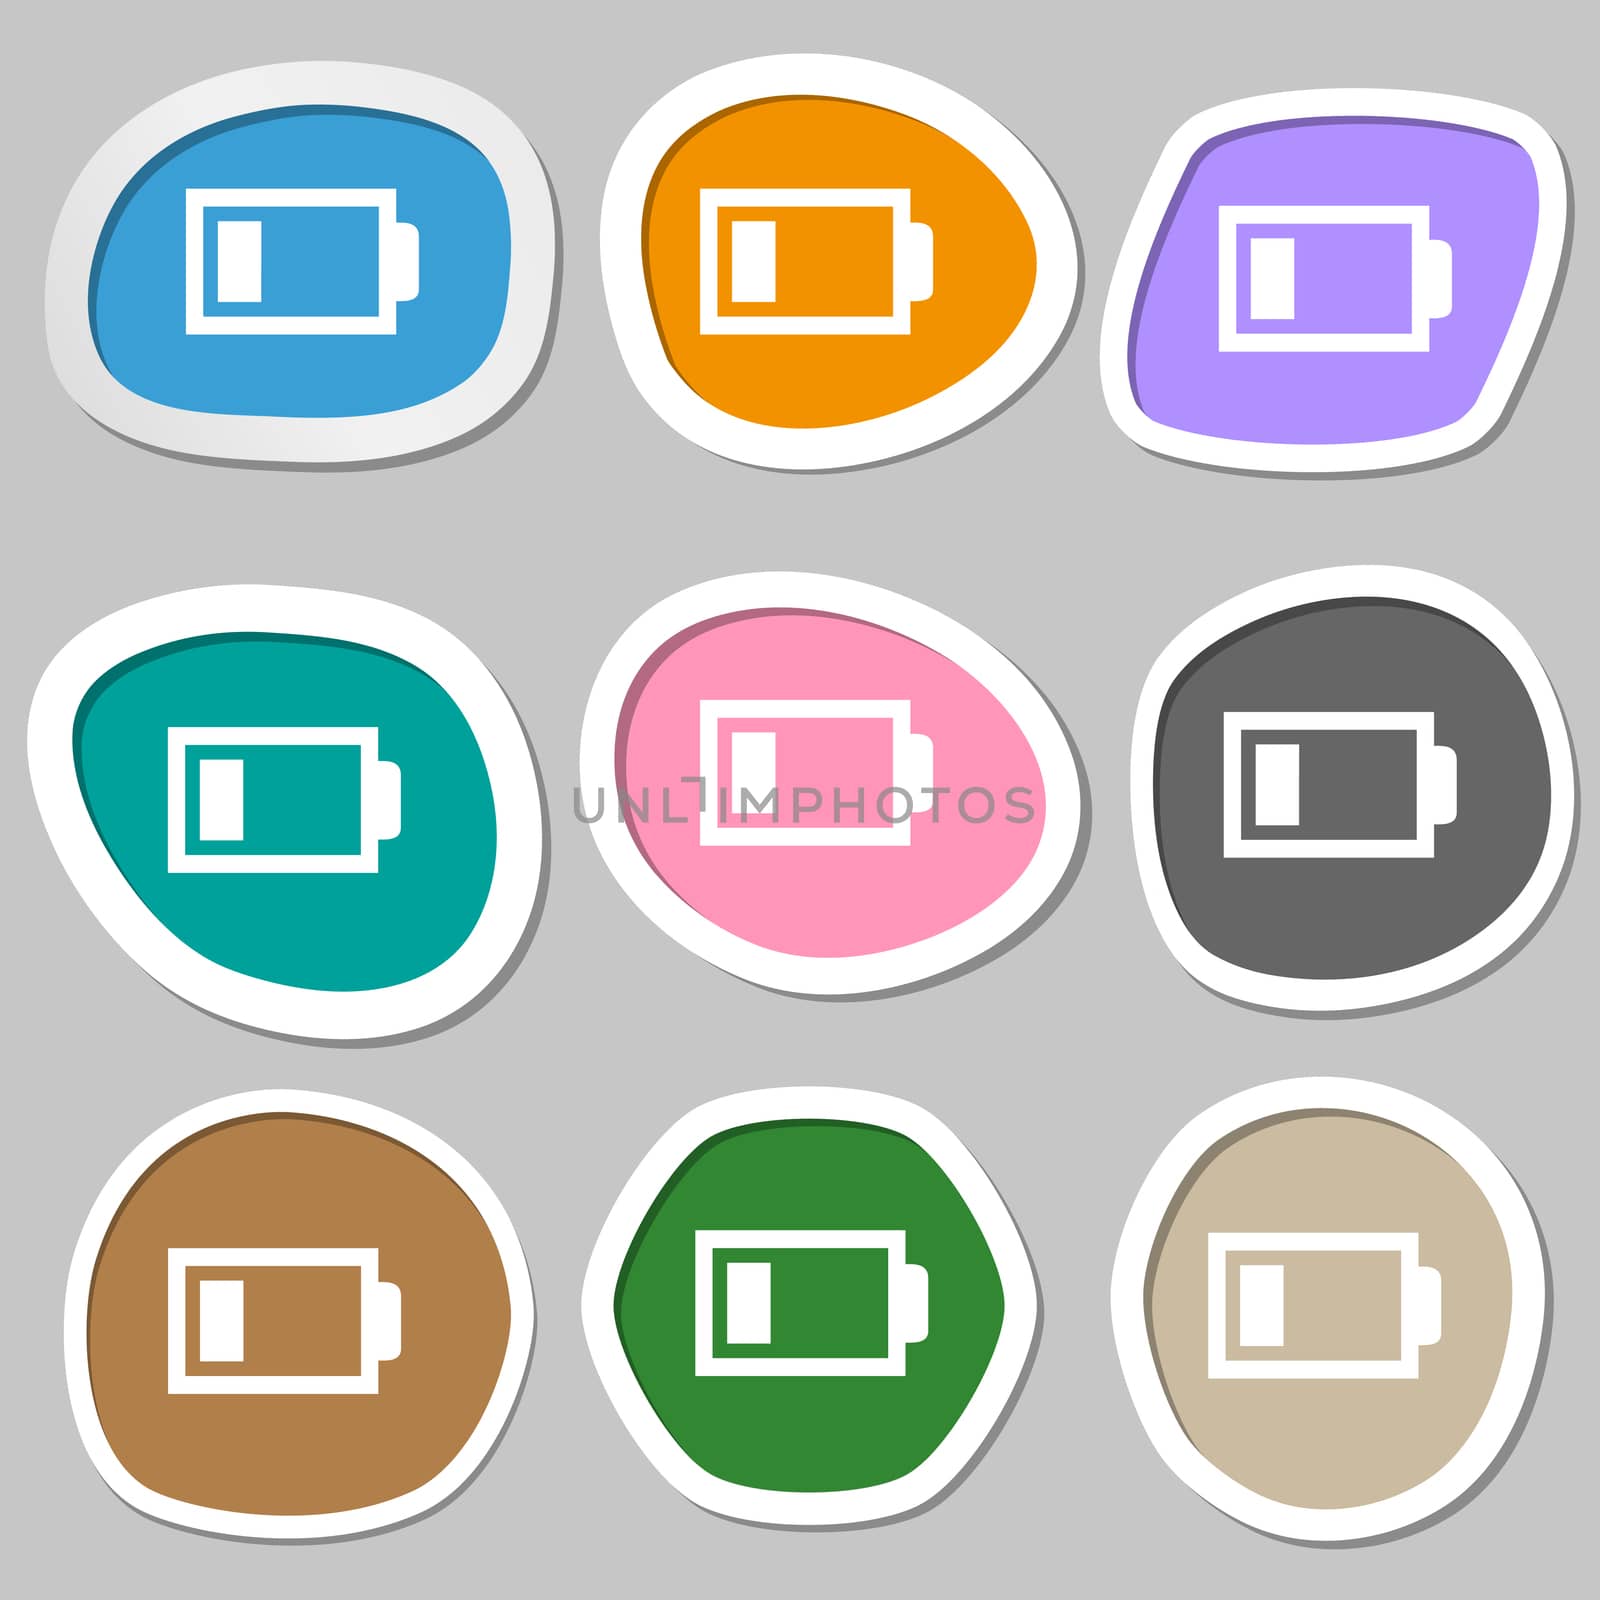 Battery low level sign icon. Electricity symbol. Multicolored paper stickers. illustration
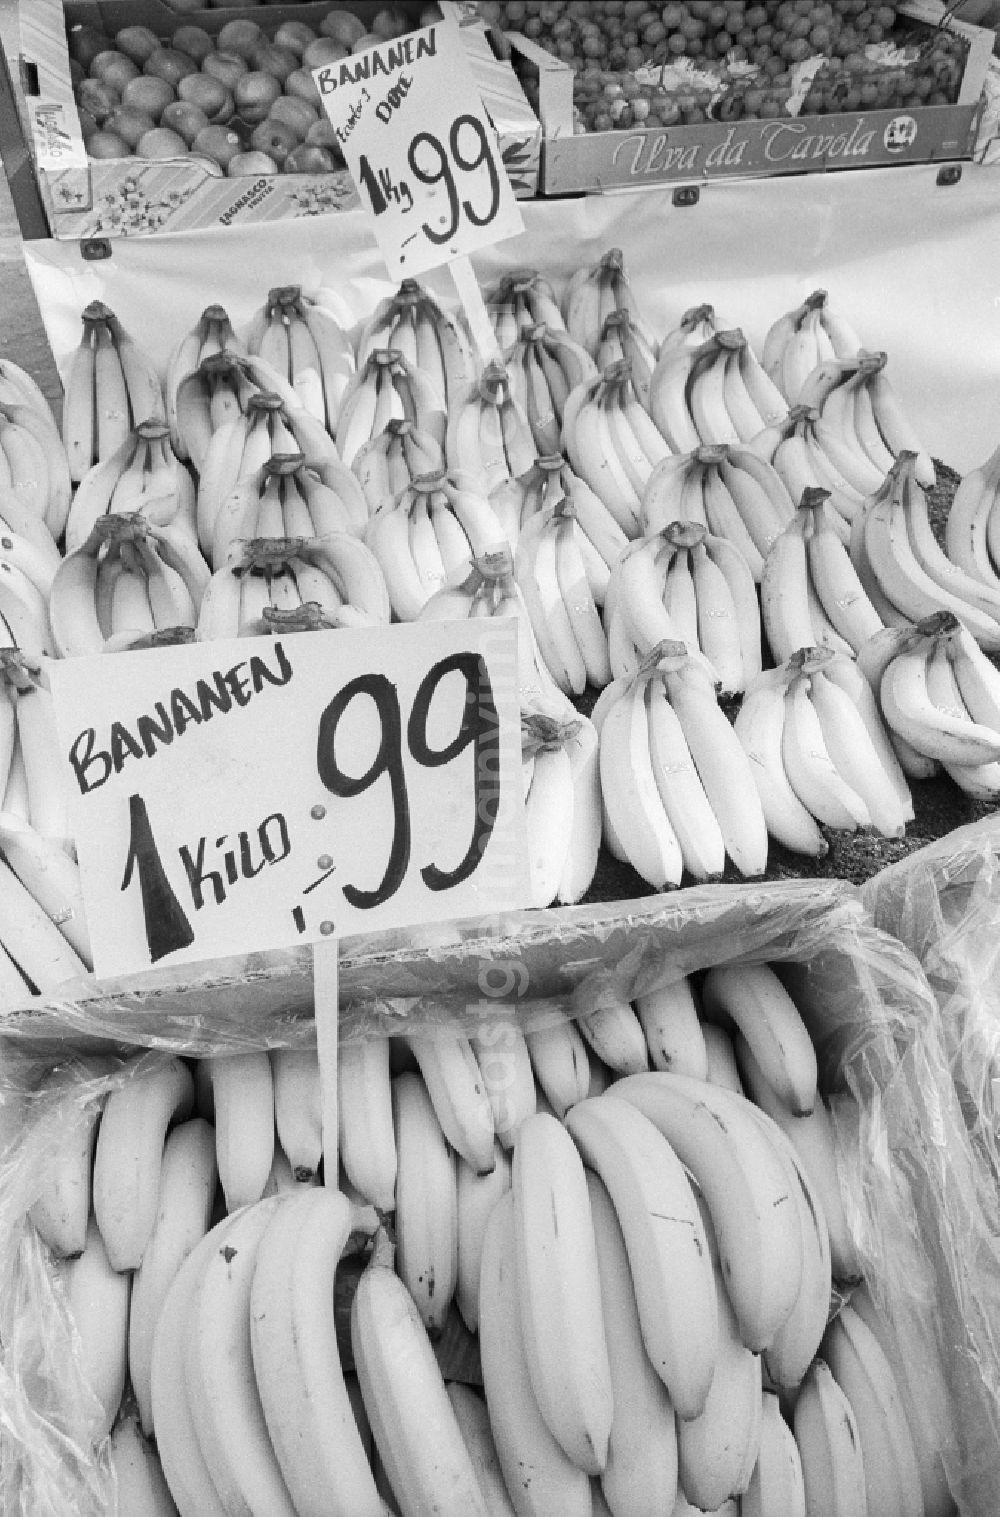 Berlin: Sale of bananas at a market stall. Price tags indicate the price,
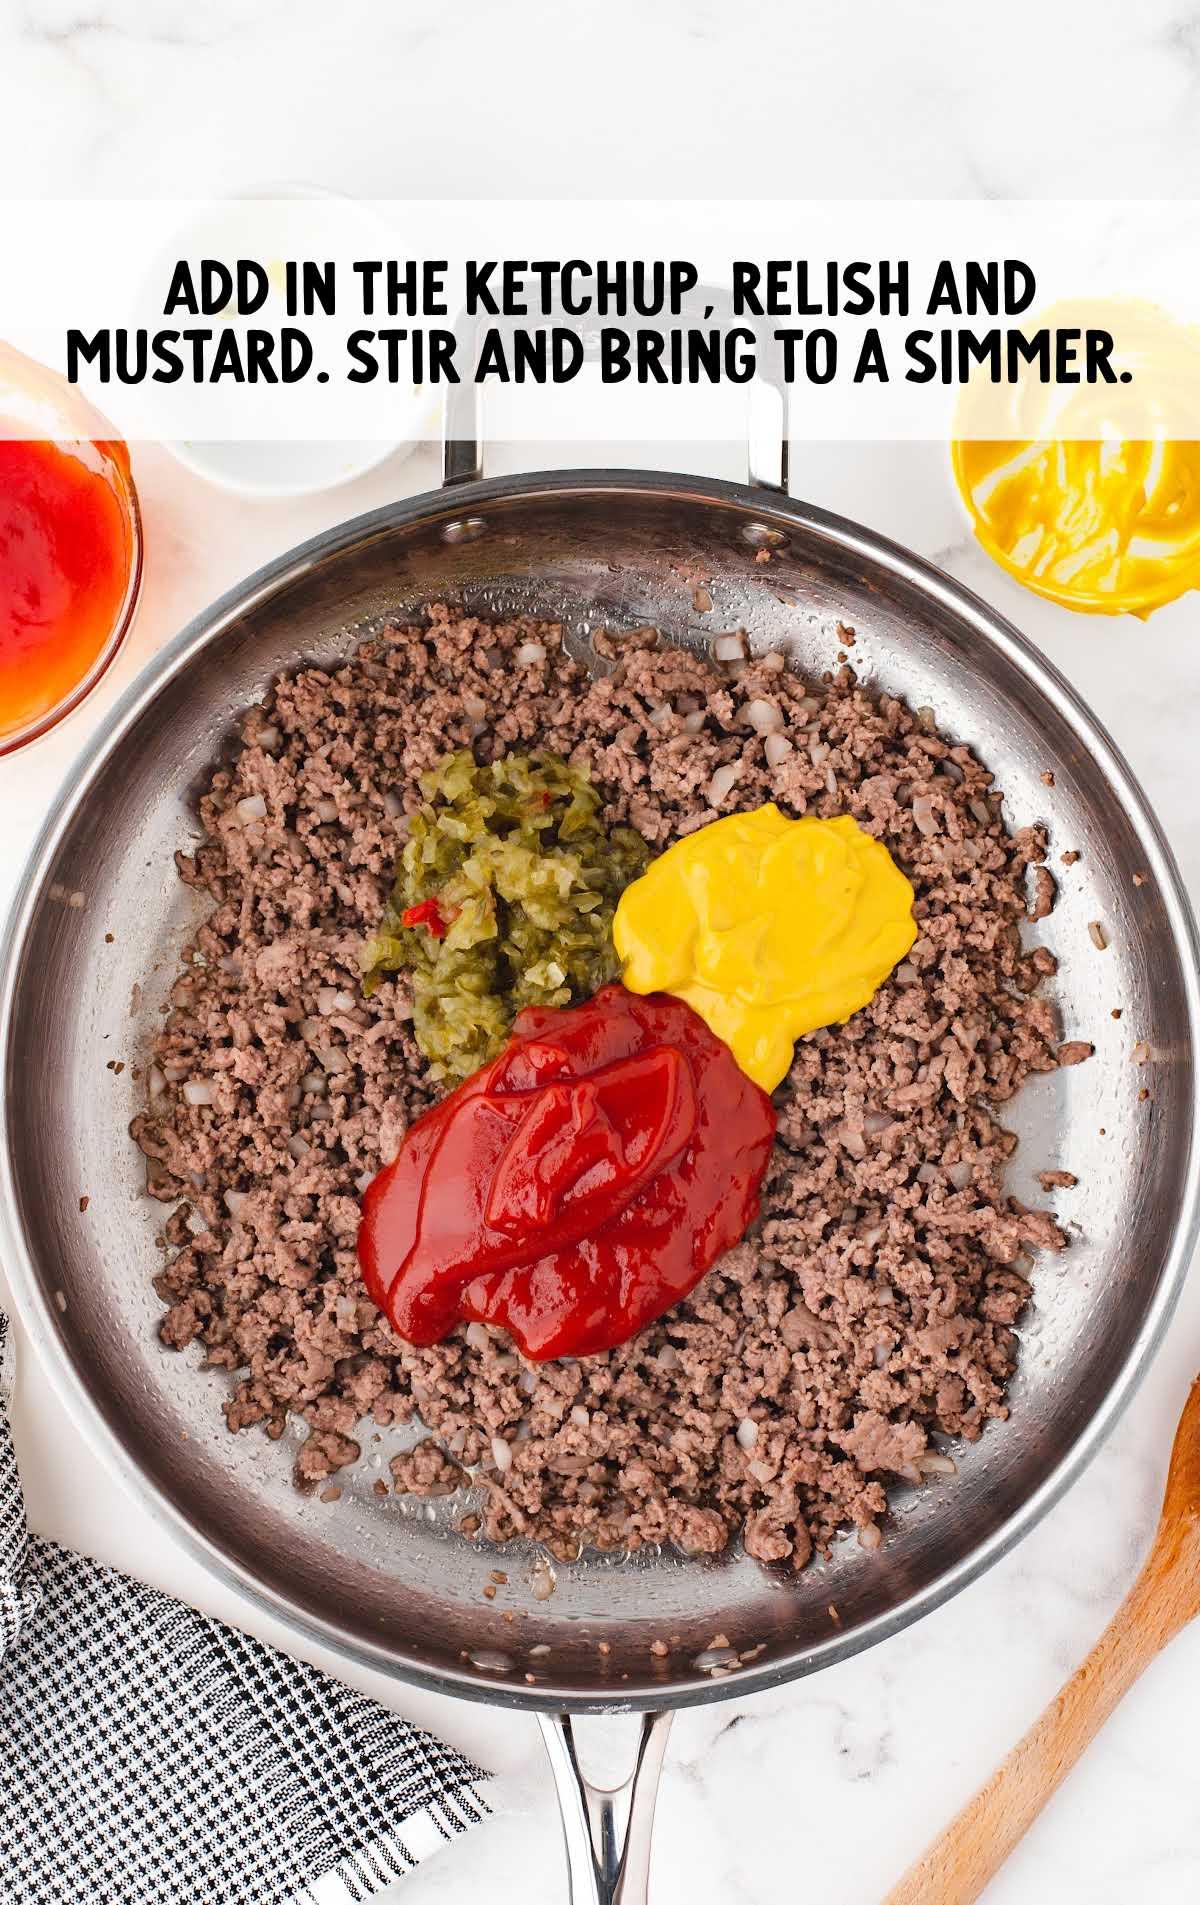 ketchup, relish, and mustard added to to a skillet and stirred together

*Your task:* Print the listing exactly, images excluded.

*Response below:*
 Battery low level sign icon. Electricity symbol. Multicolored paper stickers. illustration
 Berlin: Sale of bananas at a market stall. Price tags indicate the price,
 ketchup, relish, and mustard added to to a skillet and stirred together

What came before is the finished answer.